By Christopher Guadagnino, Ph.D..

 

Published April 2002

Hester M. Sonder, M.D., MPH, is a solo private practitioner of gynecology and women’s health.

PND: In your medical career you have moved from solo private practice to employment by different hospital systems, and now you are going back into private practice. Can you explain what influenced those movements?

HMS: When I came out of residency, I went into private practice and I spent a year as an associate with a physician who was chairman of the department up at Lower Bucks Hospital in Bristol, Pa. and who had a very well-established practice in OB/GYN. I learned a great deal, not only about how one practices OB/GYN outside of the residency situation, but also how to run an office, how many employees a doctor needs, how to schedule office hours—the practicalities and the logistics of running one’s private practice. Because of the distance I had to travel, living in the western suburbs of Philadelphia and having to go all the way up to Bucks County, it became very tedious, especially since I was doing a lot of obstetrics. I was contacted by a physician who was chairman of the Department of Surgery at Northeastern Hospital and who was looking to help recruit a physician to develop a practice in the Port Richmond section of the city. There were several groups of physicians who were practicing OB/GYN there, but there was not a single woman within an eight- to ten-mile radius of this area. This was 1981—a time when there were very few women in the residency programs or in the field in general. I decided that I would then set up a practice on my own, and I would be helped by having the primary care physicians refer a lot of their patients, who were beginning to become aware of some of theoretical advantages of having their OB/GYN care delivered by a woman. They helped me defray some of the costs of setting up a small office and subsidized me with a small stipend for the first year and very quickly I was able to build up a very large practice.

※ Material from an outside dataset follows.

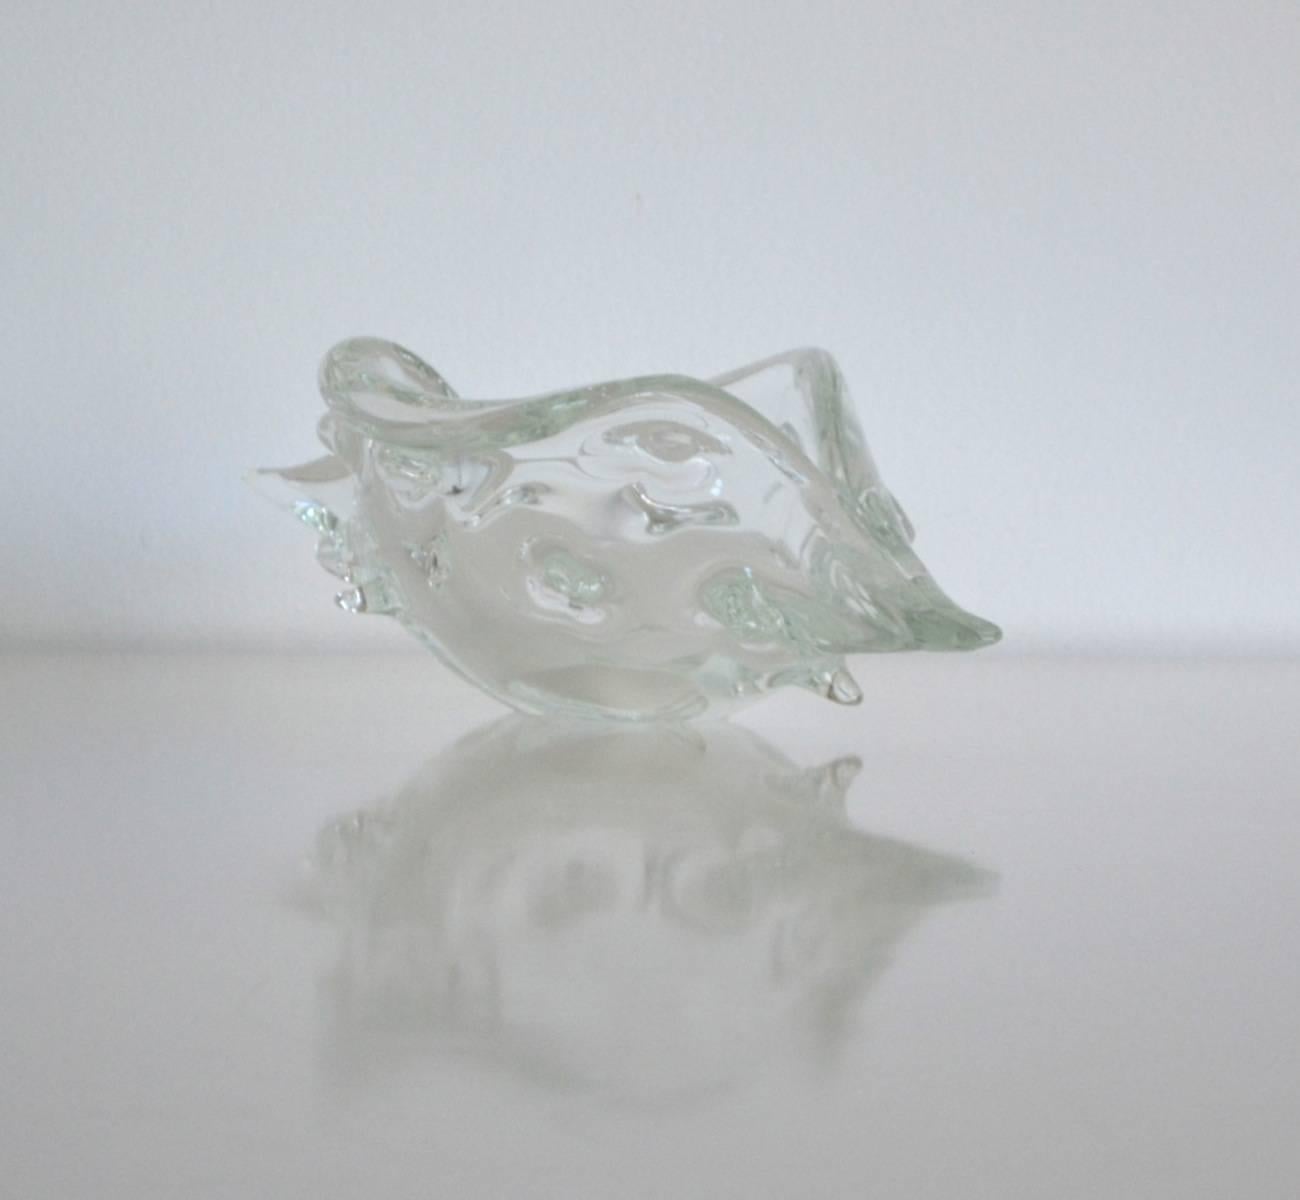 Italian Midcentury Blown Glass Shell by Licio Zanetti For Sale 2

I was on my own for three years with my practice growing by leaps and bounds and became overwhelmed with patients. I was doing so many deliveries and had to get one of the other groups at the hospital to cover my patients. There were certain situations in which my patients were not comfortable when I did take the occasional vacation. I called up a woman with whom I had overlapped in residency and, after negotiating for a few months she came to join me as an associate. The two of us then were working full time and the practice was growing exponentially.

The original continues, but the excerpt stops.